[Information shown — start]
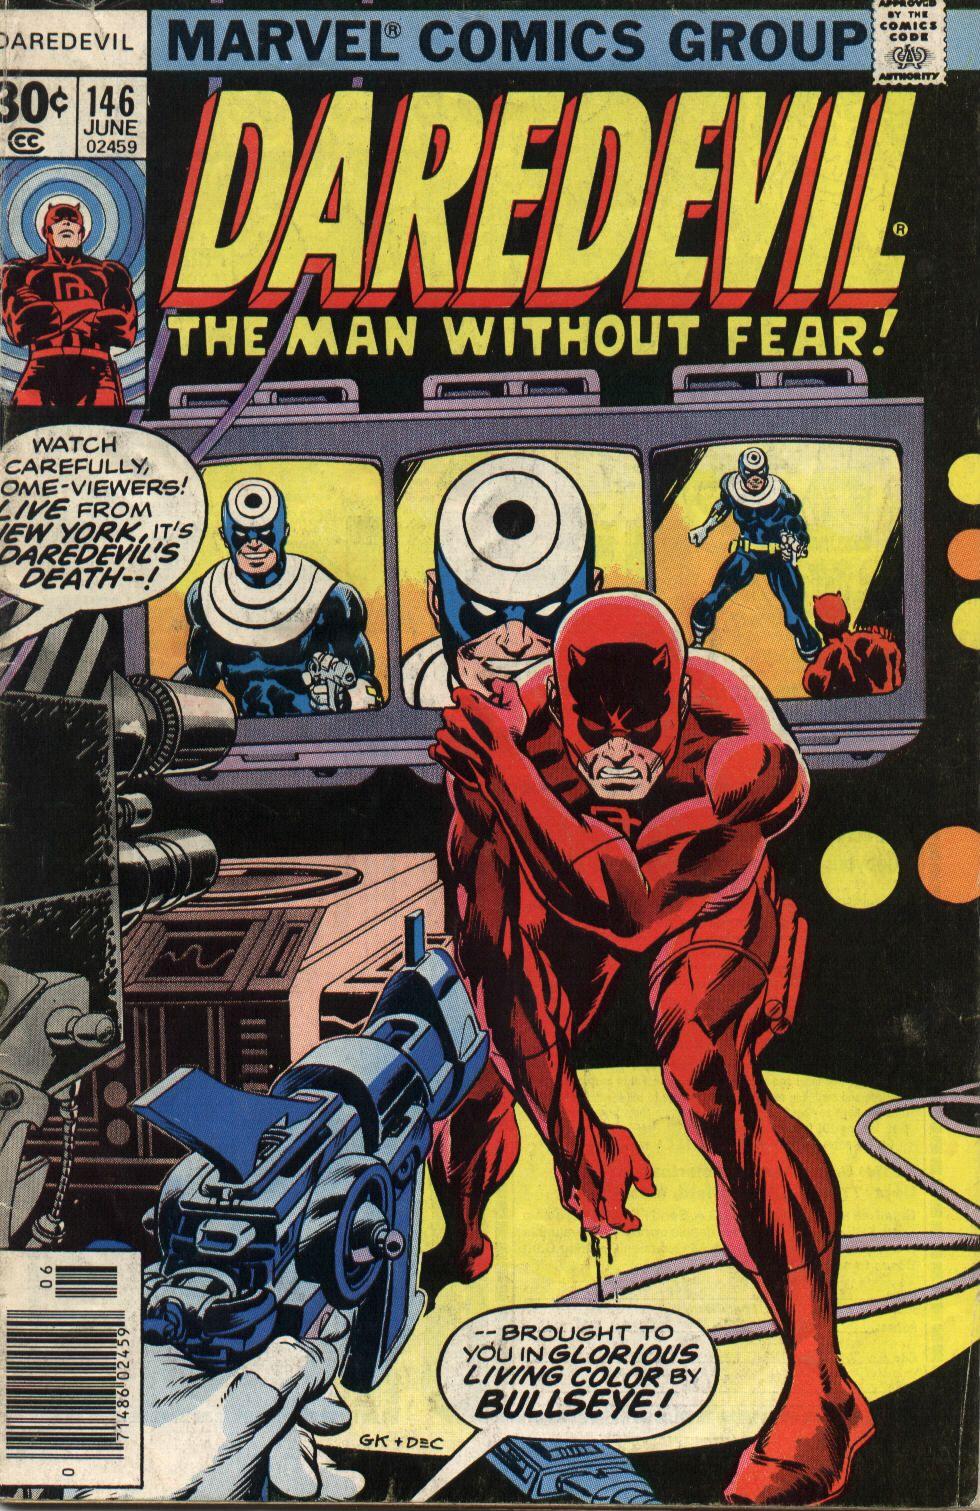 Daredevil #146 Cover By Gil Kane
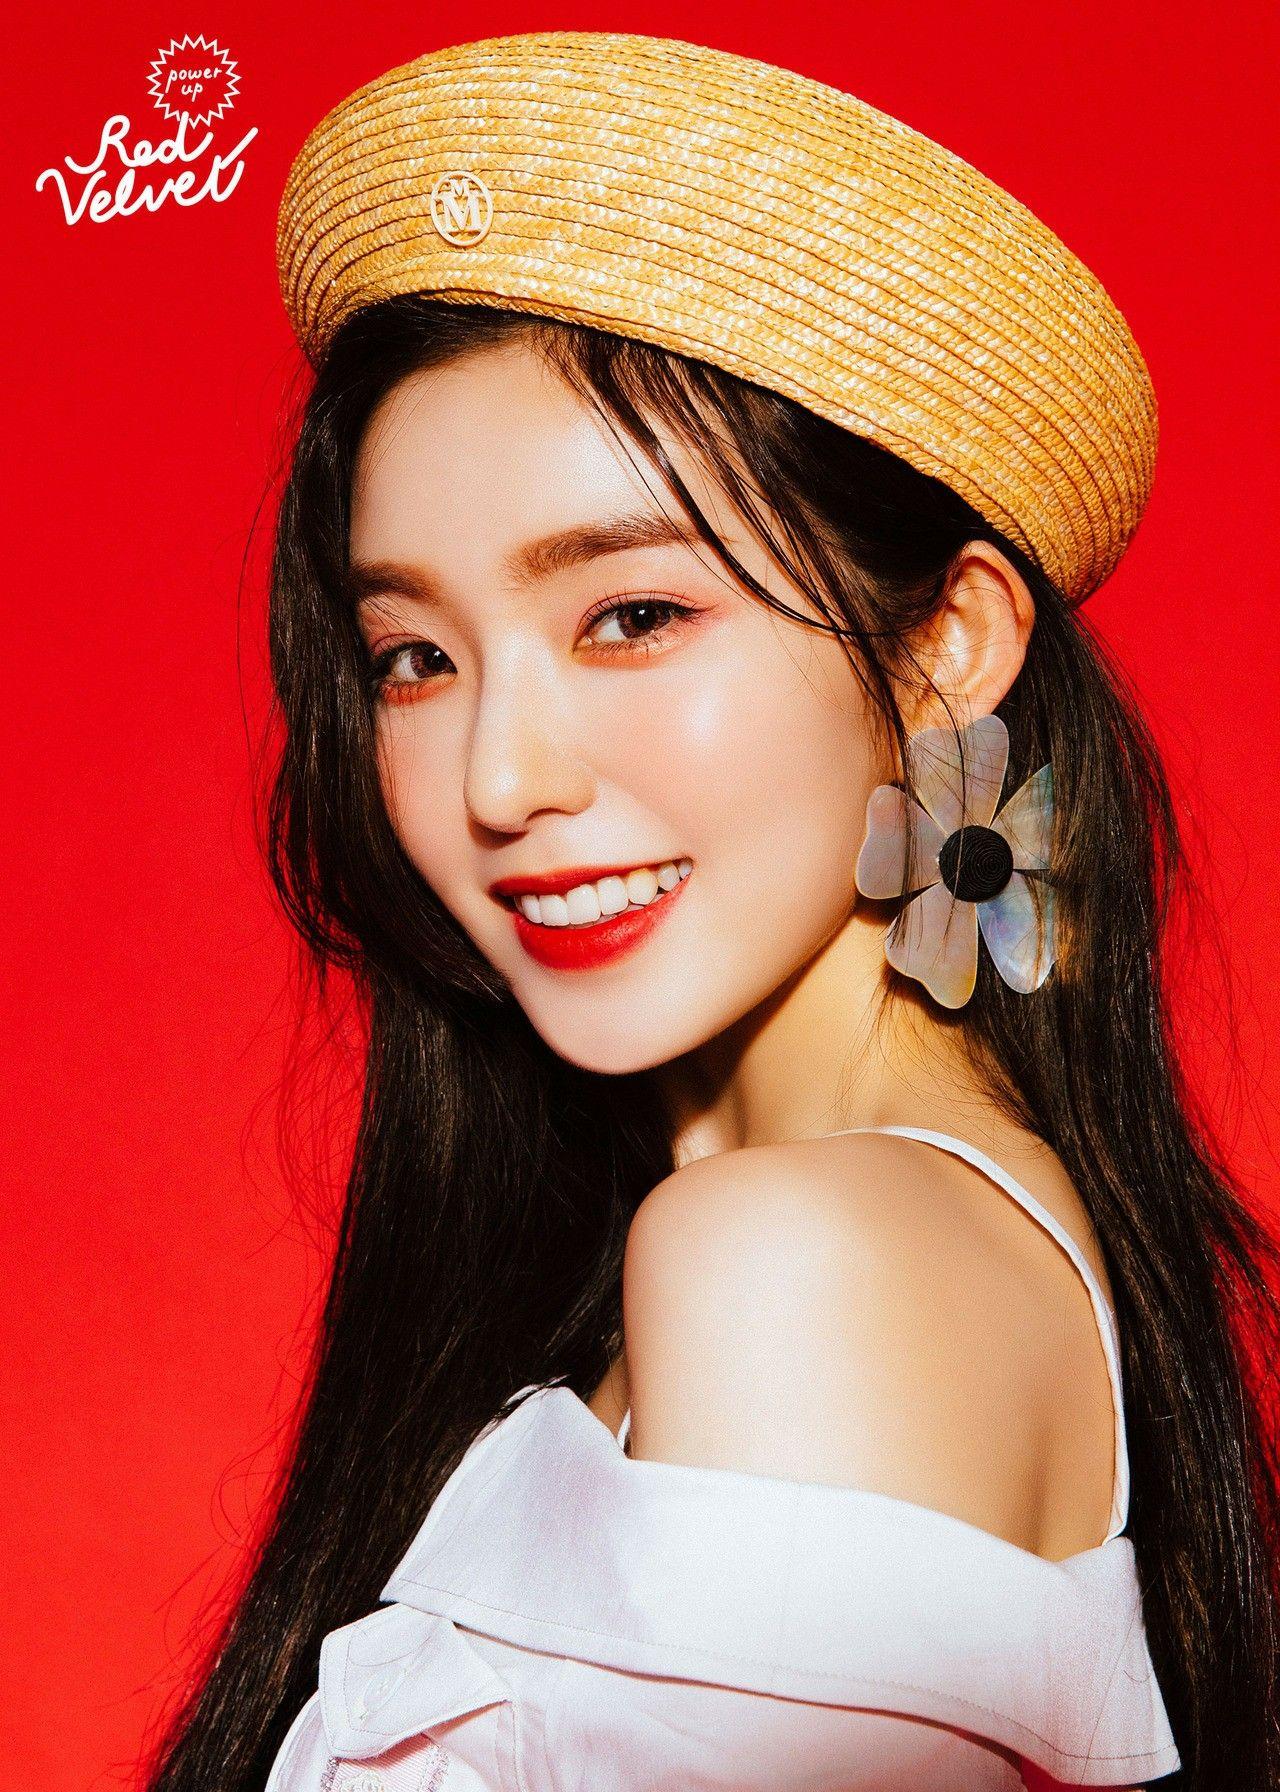 Irene red velvet summer magic power up teaser Atrizes
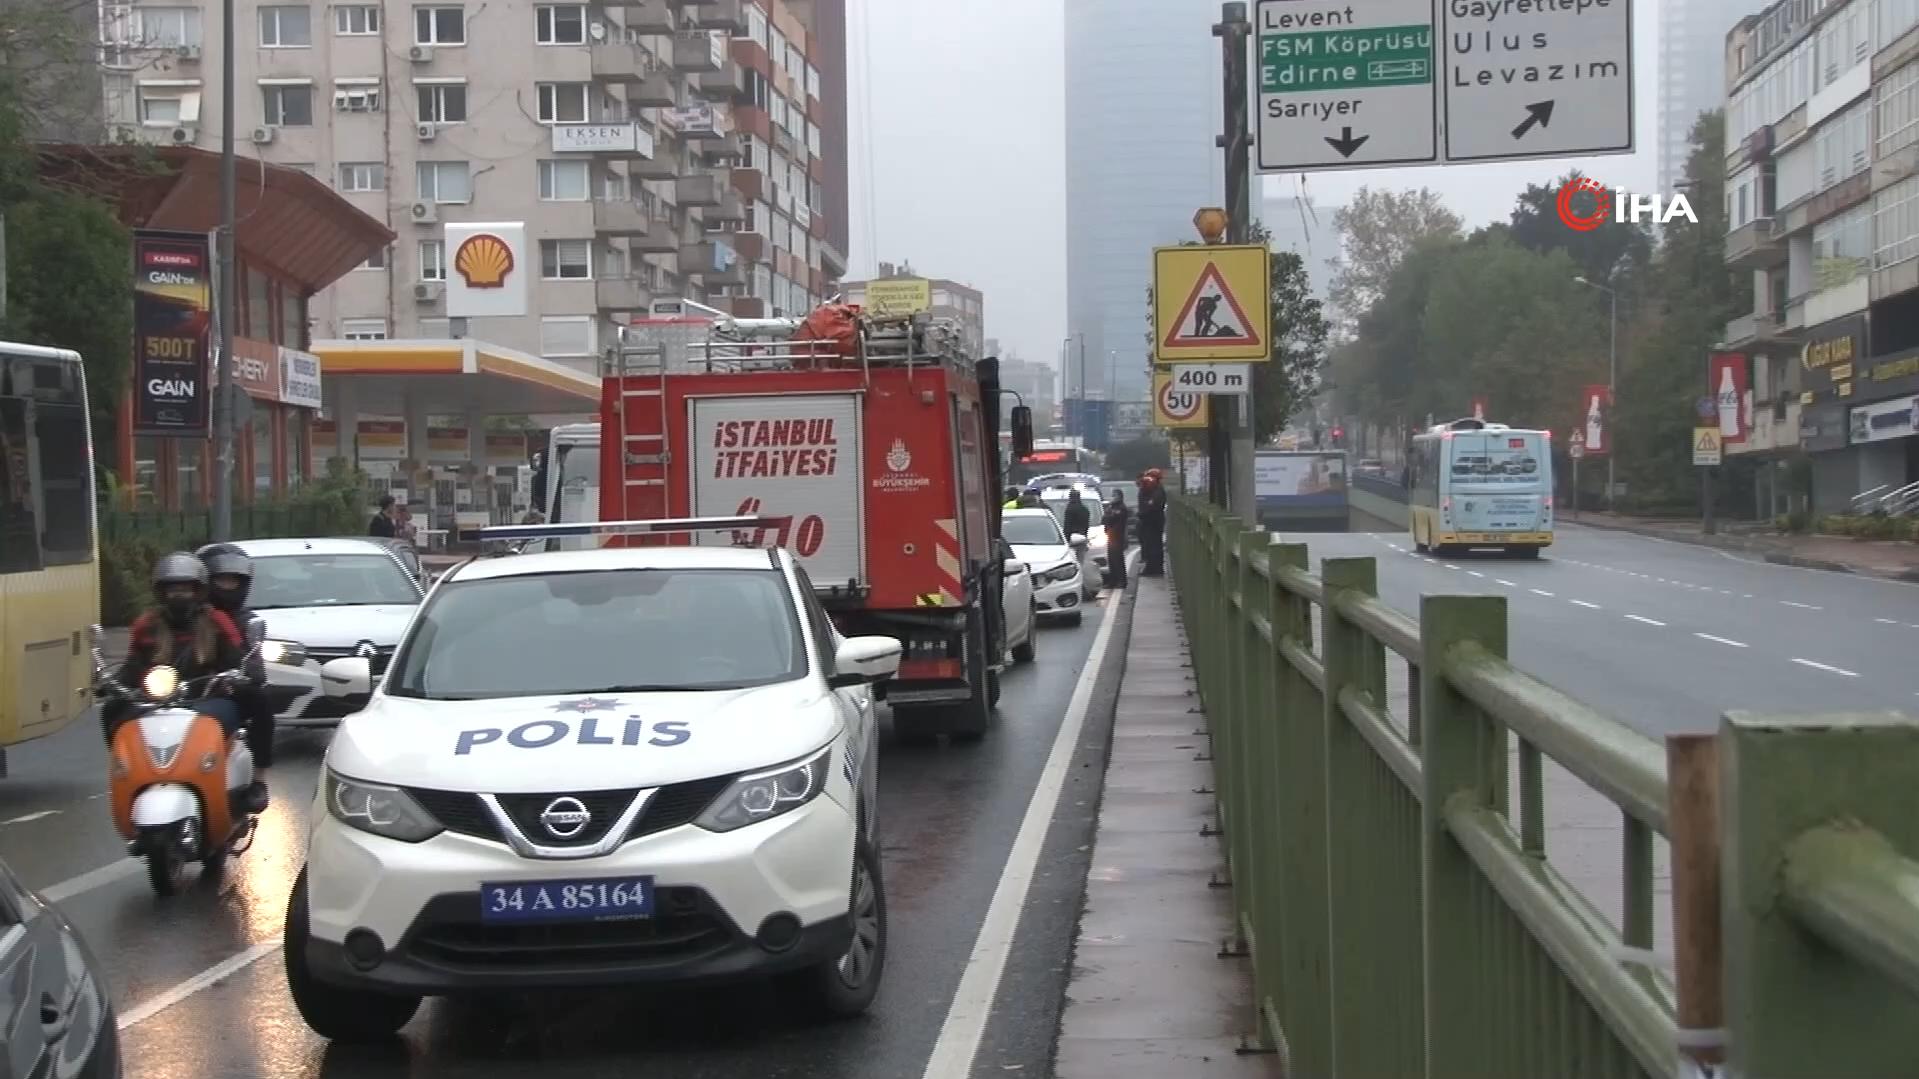 İstanbul'da milyonluk 'yağmur kazası'! Araçlar birbirine girdi
[Information shown — finish]
→ **Your goal**
Everything in the preceding material must be transcribed exactly, except the images.

→ **Your response**
 Daredevil #146 Cover By Gil Kane
 Irene red velvet summer magic power up teaser Atrizes
 İstanbul'da milyonluk 'yağmur kazası'! Araçlar birbirine girdi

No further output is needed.